My code for today (day 7) challenge:

Last /@ Position[Characters@WordList[], "e"] // Histogram

Hi Valeriu,

The counts are doubled in this solution because StringPosition returns a pair of numbers.

Another modification of the code:

Histogram@Flatten@Map[Union, StringPosition[WordList[], "e"], 2]

or

Histogram@Flatten[Union @@@ StringPosition[WordList[], "e"]]

Agree!

@Abrita Chakravarty

Cases[
    EntityProperties["Country"],
    x_/;Or@@StringMatchQ[
       {CanonicalName[x],CommonName[x]},
       "W*",
       IgnoreCase->True
    ]
]

Small or capital "w". But good catch - interesting that "WaterArrivals" and "Workforce" have different common names. For this challenge all canonical names beginning with "w" should be accepted.

Thank you @Abrita Chakravarty. I have done suggested modifications.

I have found 7 properties beginning with small letter "w", by Common Names:

In[1]:= Select[CommonName /@ EntityProperties["Country"], StringMatchQ[#, "w" ~~ __] &]

Out[1]= {"wage and salaried workers",
          "wage and salaried workers fraction",
          "wage cost index",
          "water area",
          "water productivity",
          "waterway length",
          "wholesale price index"}

and 9, by Canonical Names:

In[2]:= Select[CanonicalName /@ EntityProperties["Country"], StringMatchQ[#, "W" ~~ __] &]

Out[2]= {"WageAndSalariedWorkers",
         "WageAndSalariedWorkersFraction",
         "WagesCostIndex",
         "WaterArea",
         "WaterArrivals",
         "WaterProductivity",
         "WaterwayLength",
         "Workforce",
         "WPI"}

2 Canonical Names have Common Names that do not start with letter "w".

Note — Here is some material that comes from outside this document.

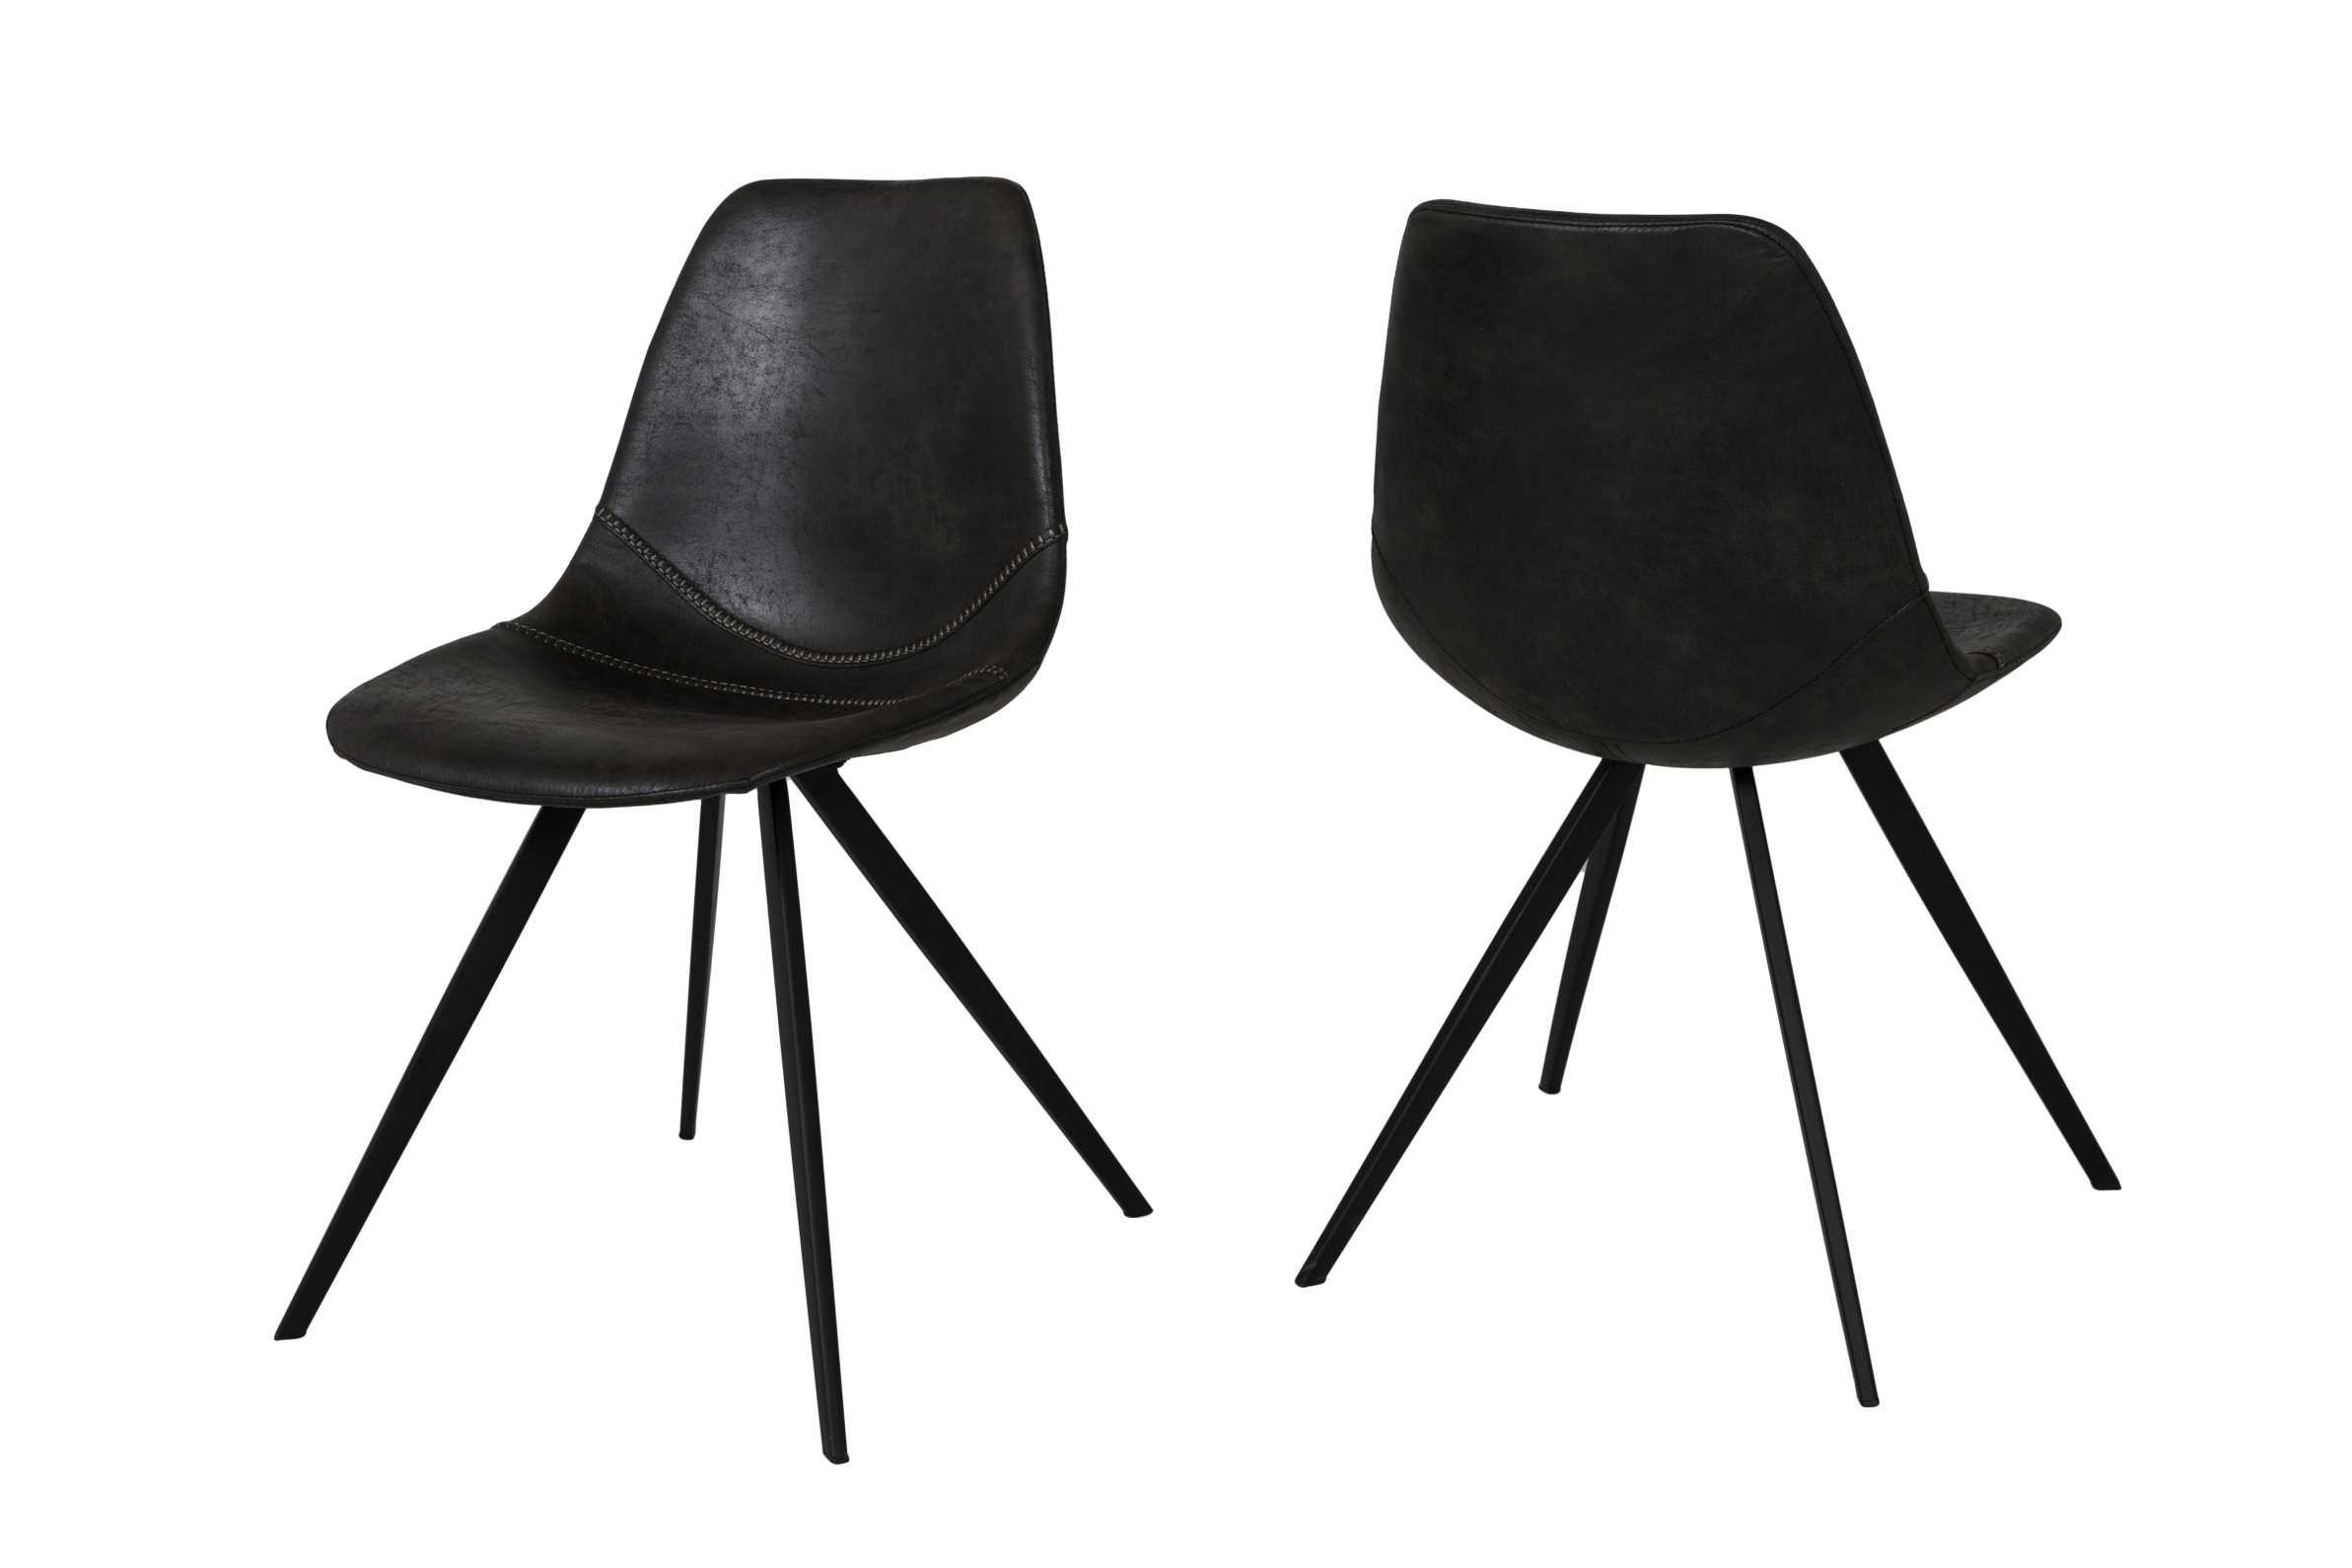 canett – Liva stol fra boboonline.dk

It looks so that the correct result is 7, as the formulation ask for names starting with the small letter "w"..

Thank you, Rohit, for your suggestion!

Daily challenge (Day 6):

List the EntityProperties for the "Country" entity that have a name beginning with the letter "w"? How many did you find?

There are nine

 Entity["Country"]["Properties"] // 
   Select[ToLowerCase[StringTake[CanonicalName@#, 1]] == "w" &]

(*
{EntityProperty["Country", "WageAndSalariedWorkers"], 
 EntityProperty["Country", "WageAndSalariedWorkersFraction"], 
 EntityProperty["Country", "WagesCostIndex"], 
 EntityProperty["Country", "WaterArea"], 
 EntityProperty["Country", "WaterArrivals"], 
 EntityProperty["Country", "WaterProductivity"], 
 EntityProperty["Country", "WaterwayLength"], 
 EntityProperty["Country", "Workforce"], 
 EntityProperty["Country", "WPI"]}
*)